THE RAPIDLY DISSAPPEARING ICE CAP

The Greenland ice sheet — two miles thick and broad enough to blanket an area the size of Mexico — shapes the world's weather, matched in influence by only Antarctica in the Southern Hemisphere. It glows like milky mother-of-pearl. The sheen of ice blends with drifts of cloud as if snowbanks are taking flight.

In its heartland, snow that fell a quarter of a million years ago is still preserved. Temperatures dip as low as 86 degrees below zero. Ground winds can top 200 mph. Along the ice edge, meltwater rivers thread into fraying brown ropes of glacial outwash, where migrating herds of caribou and musk ox graze. The ice is so massive that its weight presses the bedrock of Greenland below sea level, so all-concealing that not until recently did scientists discover that Greenland actually might be three islands.

Should all of the ice sheet ever thaw, the meltwater could raise sea level 21 feet and swamp the world's coastal cities, home to a billion people.

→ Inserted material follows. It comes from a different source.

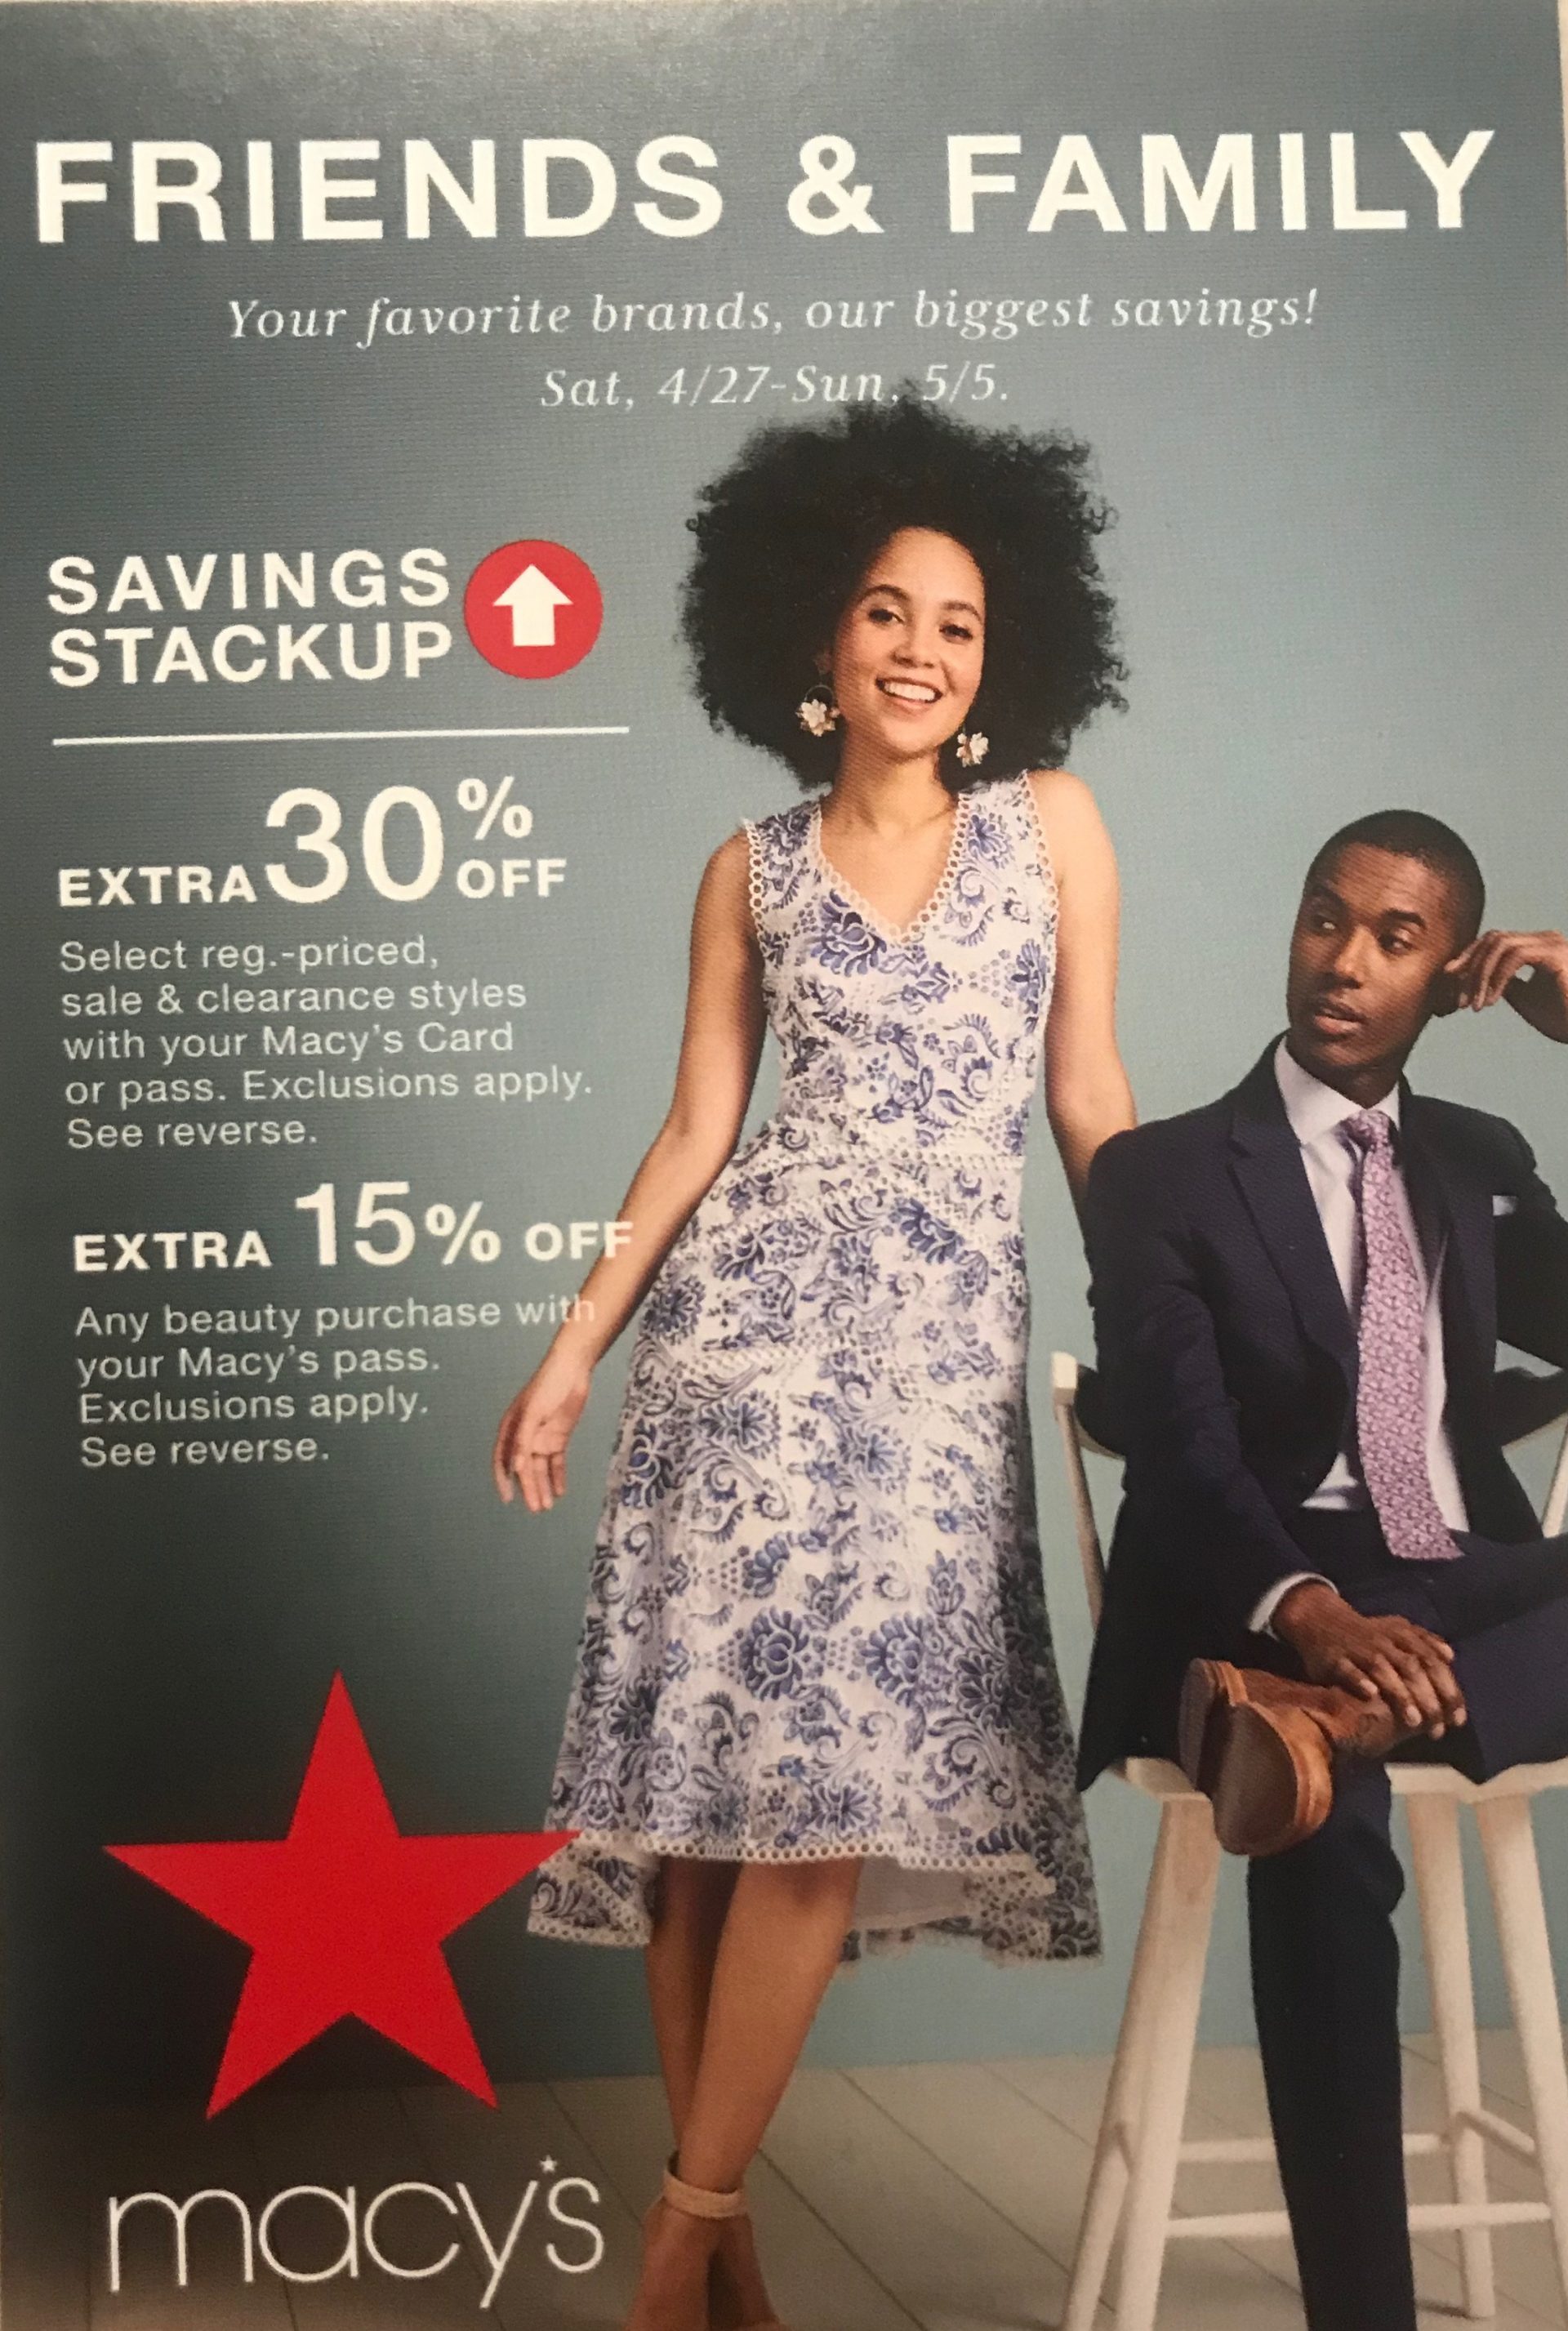 Macy's Friends and Family Sale Walden Galleria

It would cause higher tides, generate more powerful storm surges and, by altering ocean currents, drastically disrupt the global climate. Climate experts have started to worry that the ice cap is disappearing in ways that computer models had not predicted.

By all accounts, the glaciers of Greenland are melting twice as fast as they were five years ago, even as the ice sheets of Antarctica — the world's largest reservoir of fresh water — also are shrinking, researchers at NASA's Jet Propulsion Laboratory and the University of Kansas reported in February.

1 comment:

Richard said...

Arthur, it's useful to note that polar ice caps are melting on Mars too, and that the part humanity plays in global warming is largely unresolved. A June 26 article in The Wall St. Journal online (WSJ.com), There Is No 'Consensus' On Global Warming, by Richard S. Lindzen, Alfred P. Sloan Professor of Atmospheric Science at MIT, offers balance.